Problem statement = Please set down the data word for word; images do not go in the copy.

Data block =
* * * * *
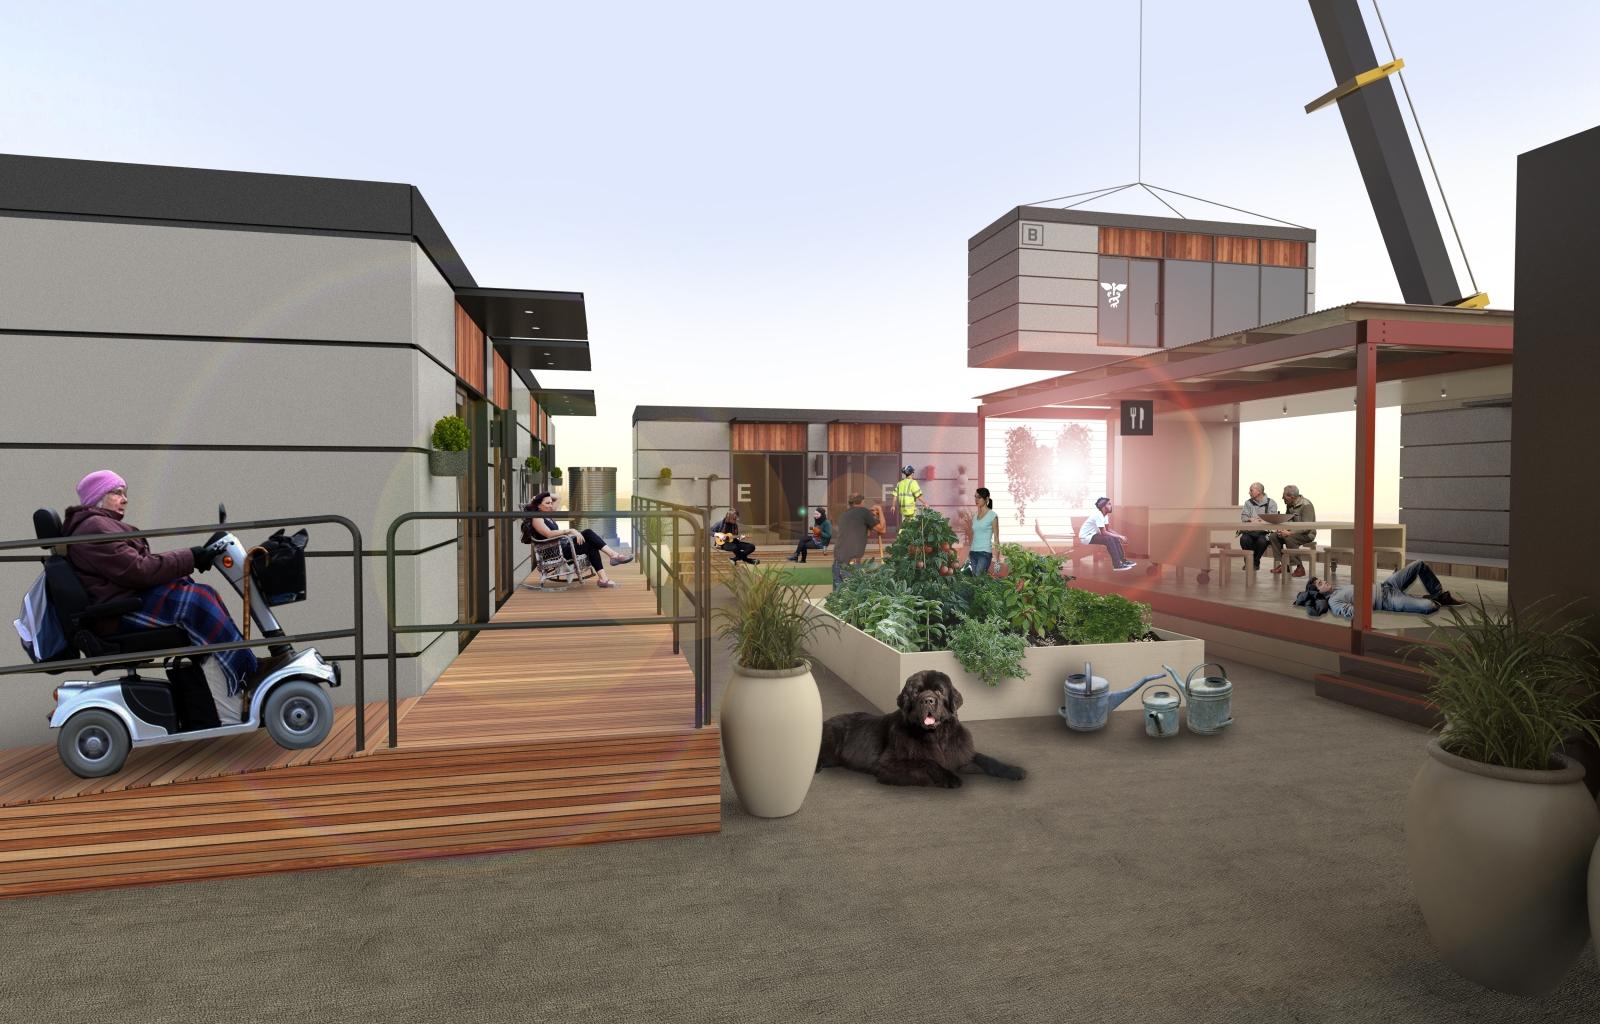 Blokable modular community home
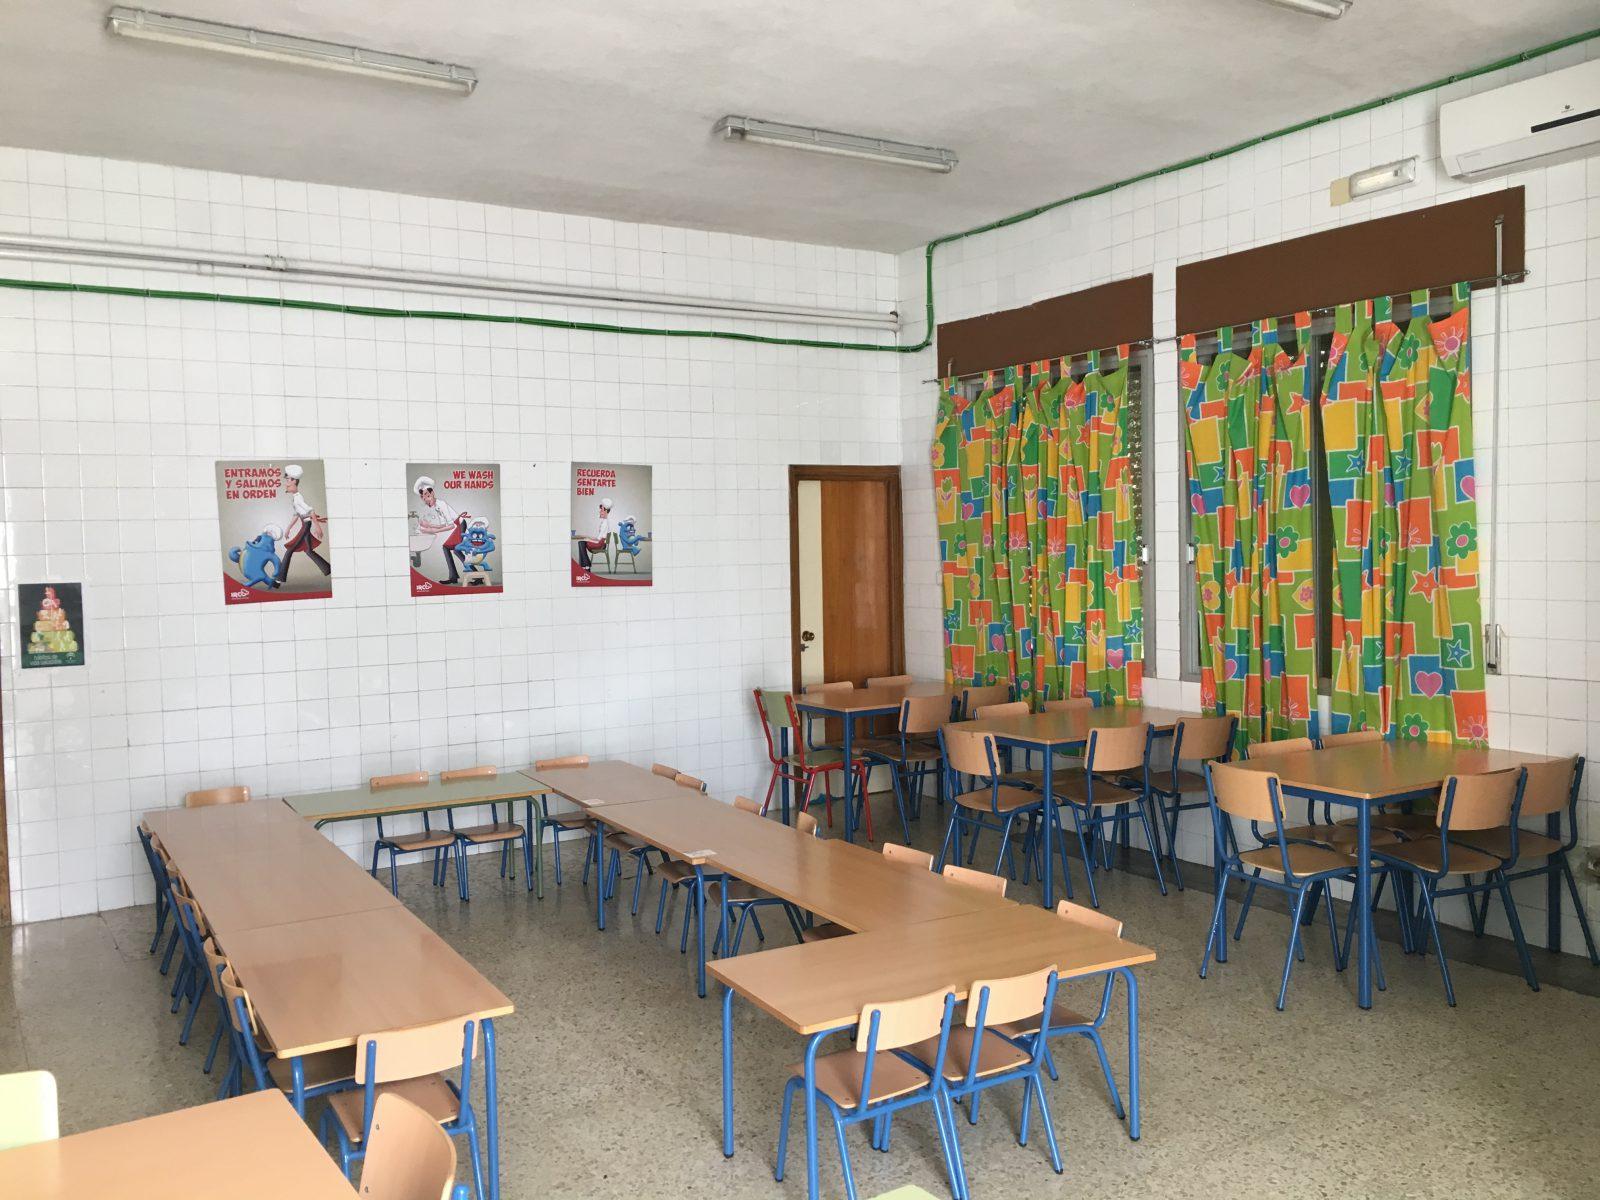 Comedor Escolar Ceip El Olivo Torredonjimeno Ceip El Olivo
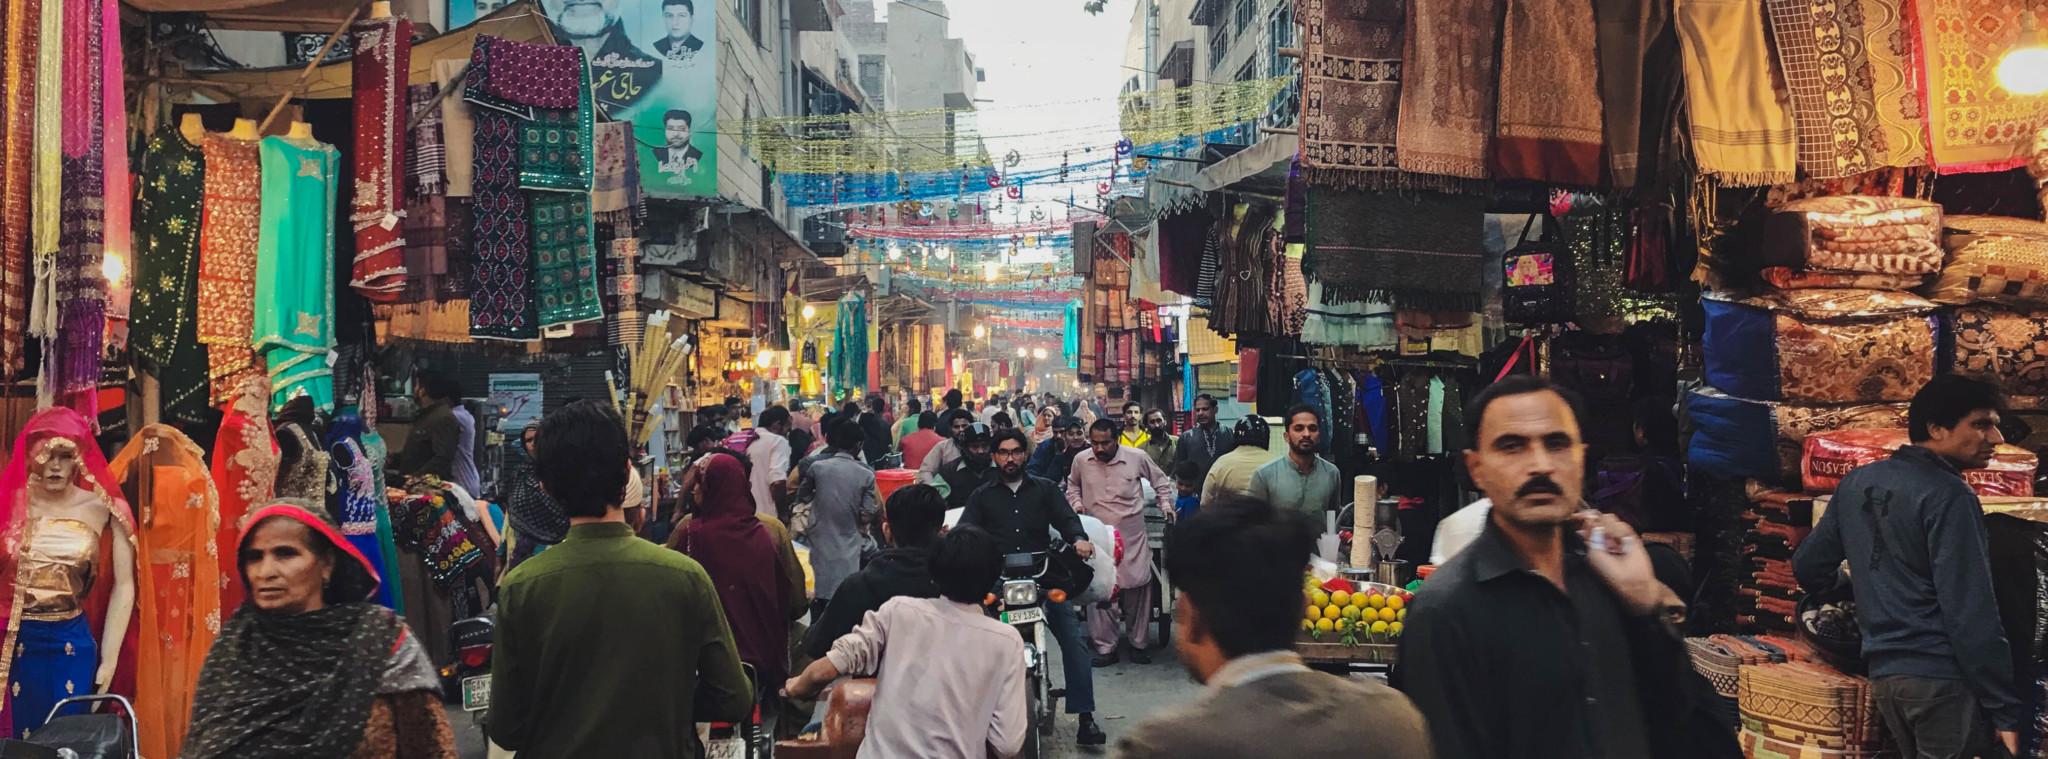 Pakistan Urlaub
* * * * *
Result =
 Blokable modular community home
 Comedor Escolar Ceip El Olivo Torredonjimeno Ceip El Olivo
 Pakistan Urlaub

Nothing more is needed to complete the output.